Auch kommt es zu keiner Strafverfolgung wegen Nötigung, da Langen nach Auffassung der Ermittler kein verwerfliches Handeln vorgeworfen werden kann. "Es bestand zwar keine Berechtigung des Beschuldigten, als Mitglied des Stadtrats auf eine Schadensregulierung durch den Vertragspartner hinzuwirken. Jedoch war zu berücksichtigen, dass der Beschuldigte als Ratsherr das Interesse einer Remagener Bürgerin gegenüber einem Vertragspartner der Stadt Remagen vertreten wollte, wobei er selbst davon überzeugt war, dass der Schadensersatzanspruch der Geschädigten berechtigt war", heißt es weiter in dem Schreiben der Staatsanwaltschaft.

"Wir sind froh, dass das Ganze jetzt ein Ende hat, das Spannungsverhältnis in den Gremien zwischen den beiden Kontrahenten war für alle nicht einfach zu ertragen", äußerte sich Krämer. "Nach dieser Entscheidung kommen wir hoffentlich wieder zu normalen Verhältnissen", wünscht sich auch Beigeordneter Rudolf Wisskirchen. Hierfür stehen die Zeichen jedoch nicht gut. Schwere Vorwürfe erhoben gestern CDU-Stadtratsfraktionssprecher Rudolf Ninow, CDU-Stadtverbandsvorsitzender Joachim Titz, Fraktionsmitglied Beate Schleitzer und Reinhold Langen als Betroffener bei einer Pressekonferenz.

"Wir gehen davon aus, dass es zwischen der Anzeige und dem Bau der Rheinpromenade einen Zusammenhang gibt, da Langen seit Mitte 2007 auf Probleme hingewiesen hat", vermutet Ninow. Besonders stark kreidet er Georgi an, dass dieser sich zu keinem Zeitpunkt geäußert hat, um welche Vorwürfe es überhaupt geht. Durch sein Schweigen habe Georgi Spekulationen Tür und Tor geöffnet.

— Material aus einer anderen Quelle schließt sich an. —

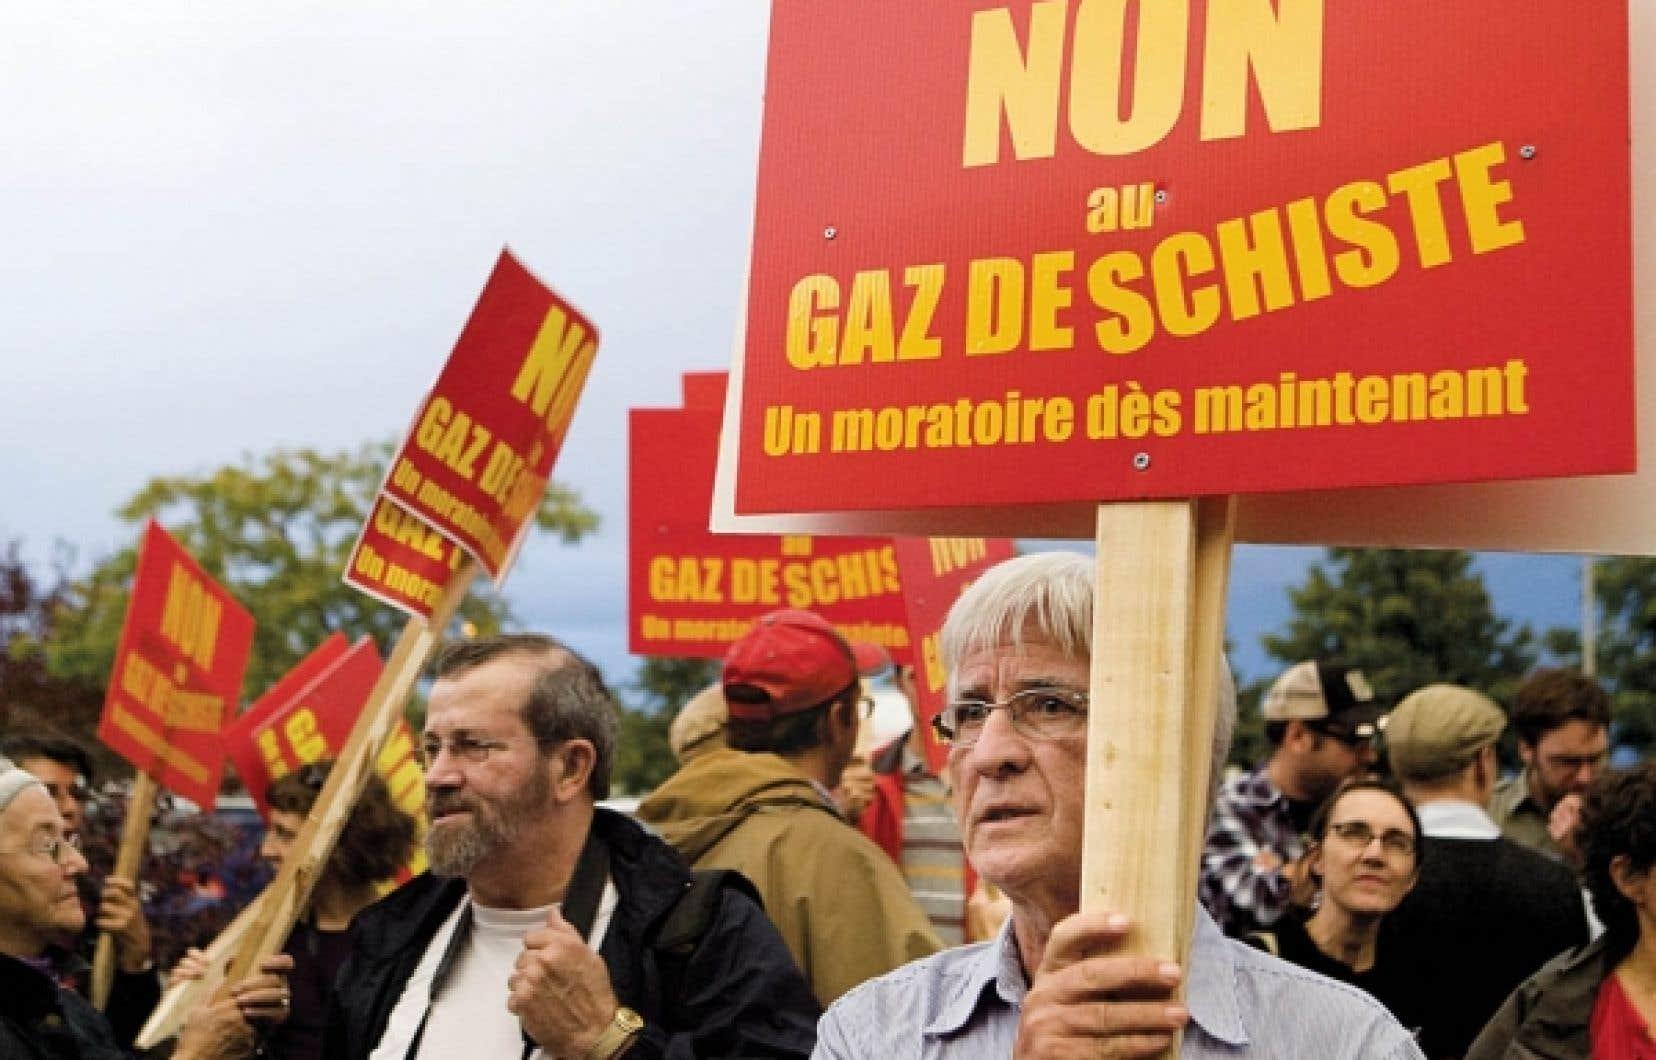 Manifestation contre l&rsquo;exploitation du gaz de schiste &agrave; Saint-Hyacinthe l&rsquo;automne dernier.<br />
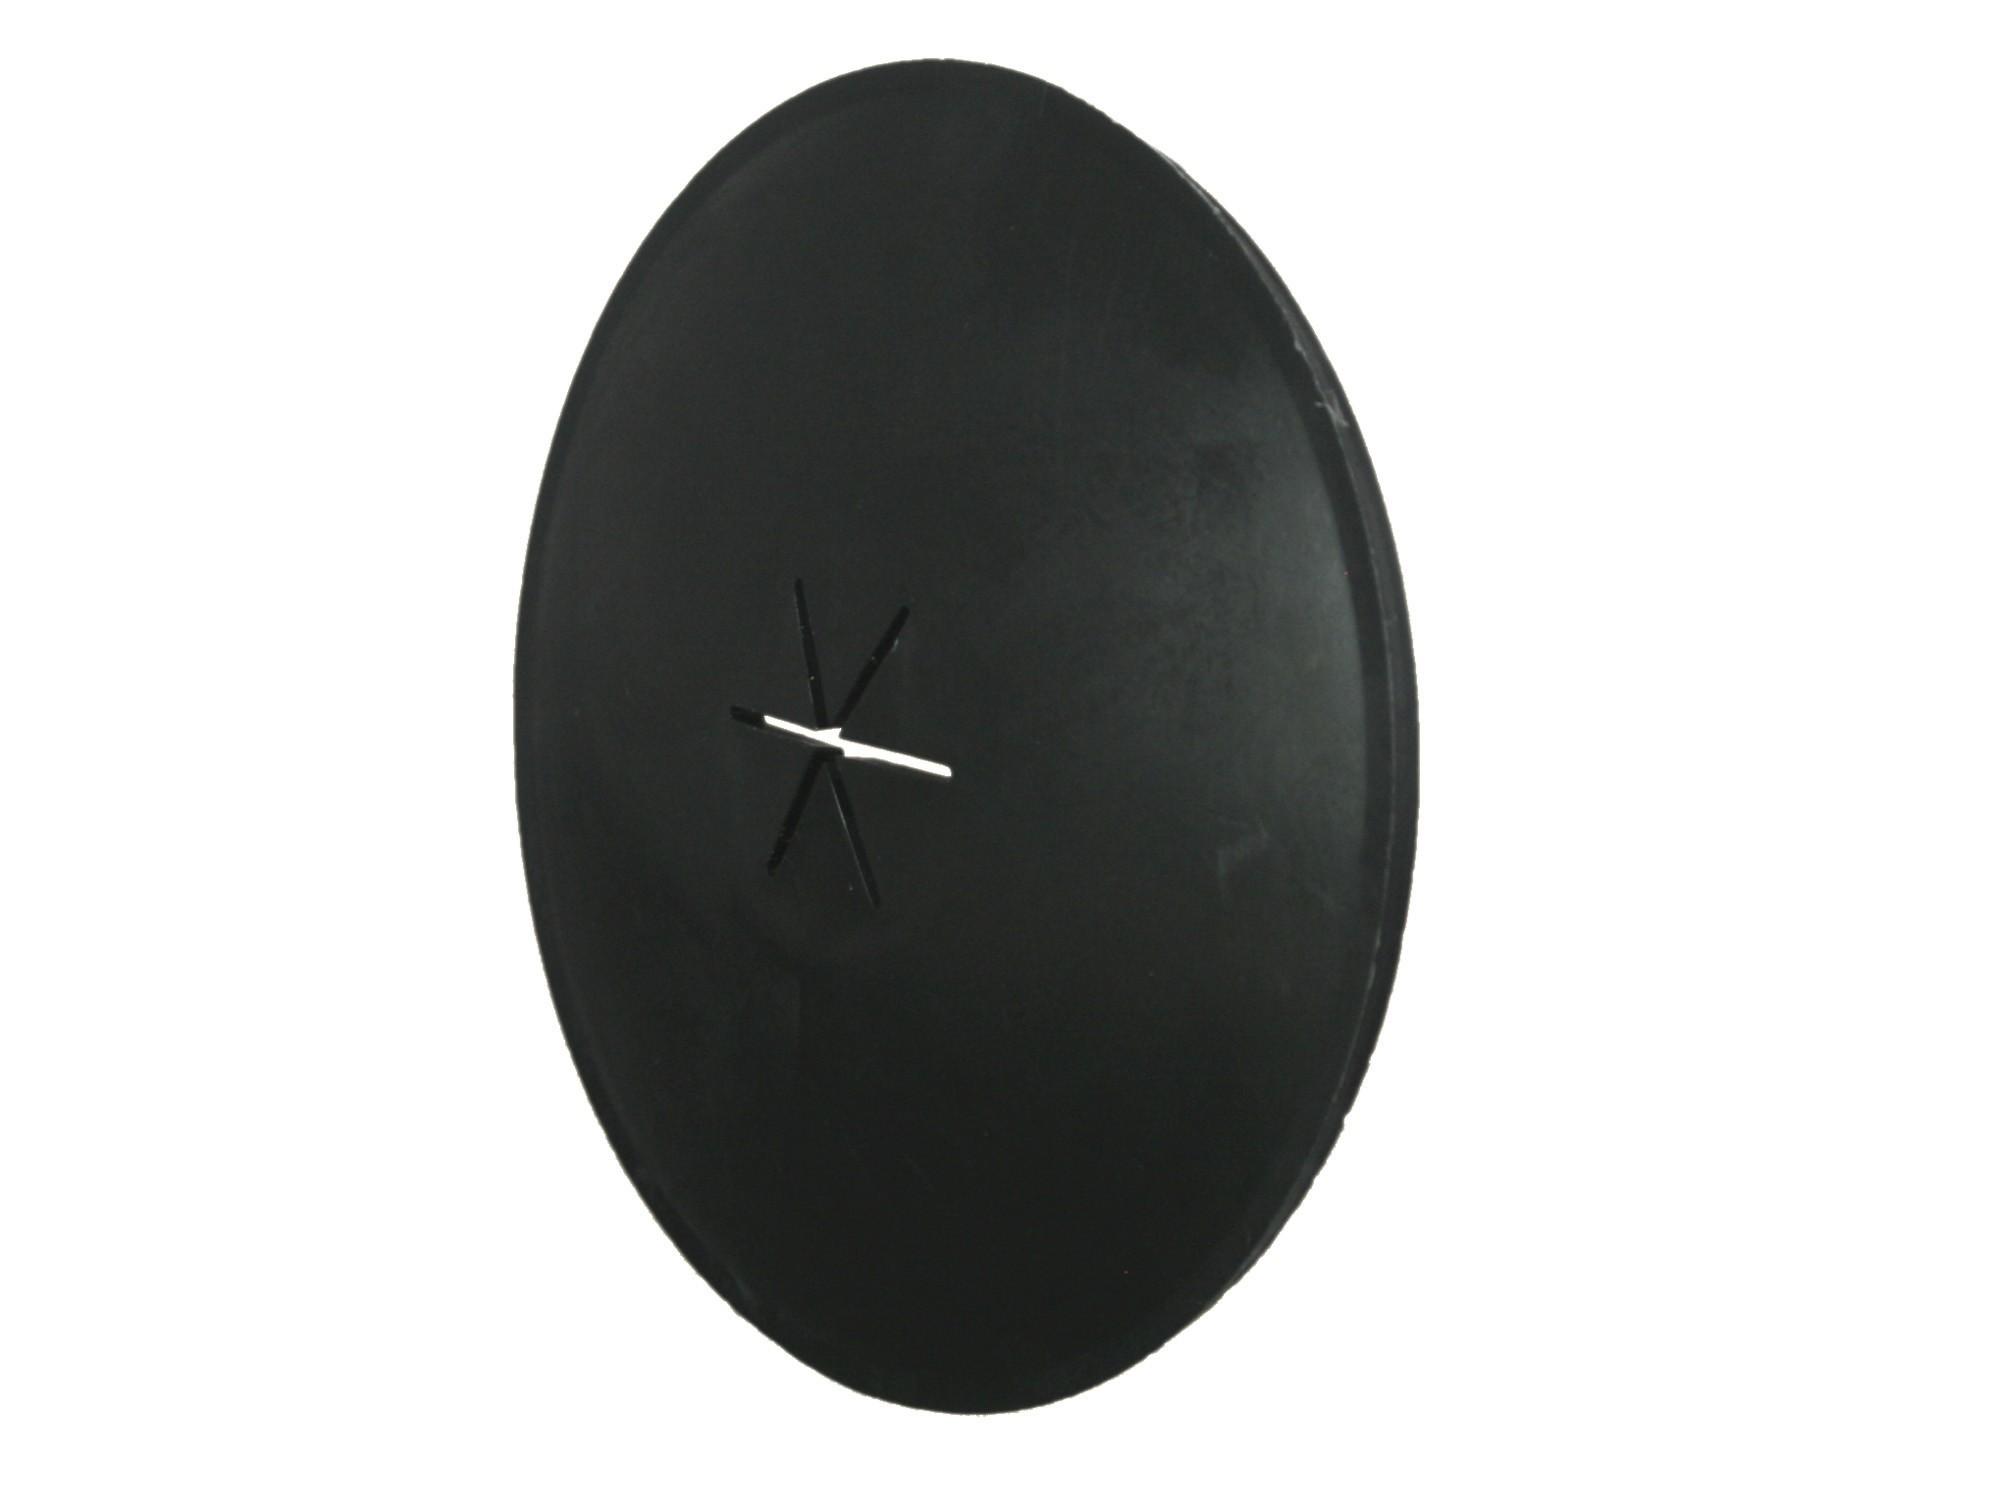 Klemring zwart Ø80 KS

Die Partei sei paralysiert gewesen und habe sicher auch bei der Kommunalwahl durch das schwebende Verfahren Schaden genommen.

"Der Vorwurf Georgis stützte sich lediglich auf ein Telefonat, was Langen mit der Vorzimmerdame des EVM-Chefs geführt hat, um Schadensersatz für die Hausbesitzerin einzufordern", erläuterte Beate Schleitzer. "Jeder denkt sich, wenn ein Bürgermeister jemanden anzeigt, muss da was dran sein", ärgert sie sich.

"Die Bürgermeisterwahl steht 2010 an - wir haben im Herbst beim CDU-Stadtverband darüber zu befinden, wer für uns ins Rennen geht - das wird ein ganz schwieriger Abend", deutete Titz personelle Konsequenzen an. Langen selbst erwägt, zivil- und strafrechtliche Schritte gegen Bürgermeister Herbert Georgi zu prüfen. Judith Schumacher

Hinweis: Dieser Artikel stammt aus unserem Archiv.
Die darin enthaltenen Informationen könnten inzwischen überholt sein!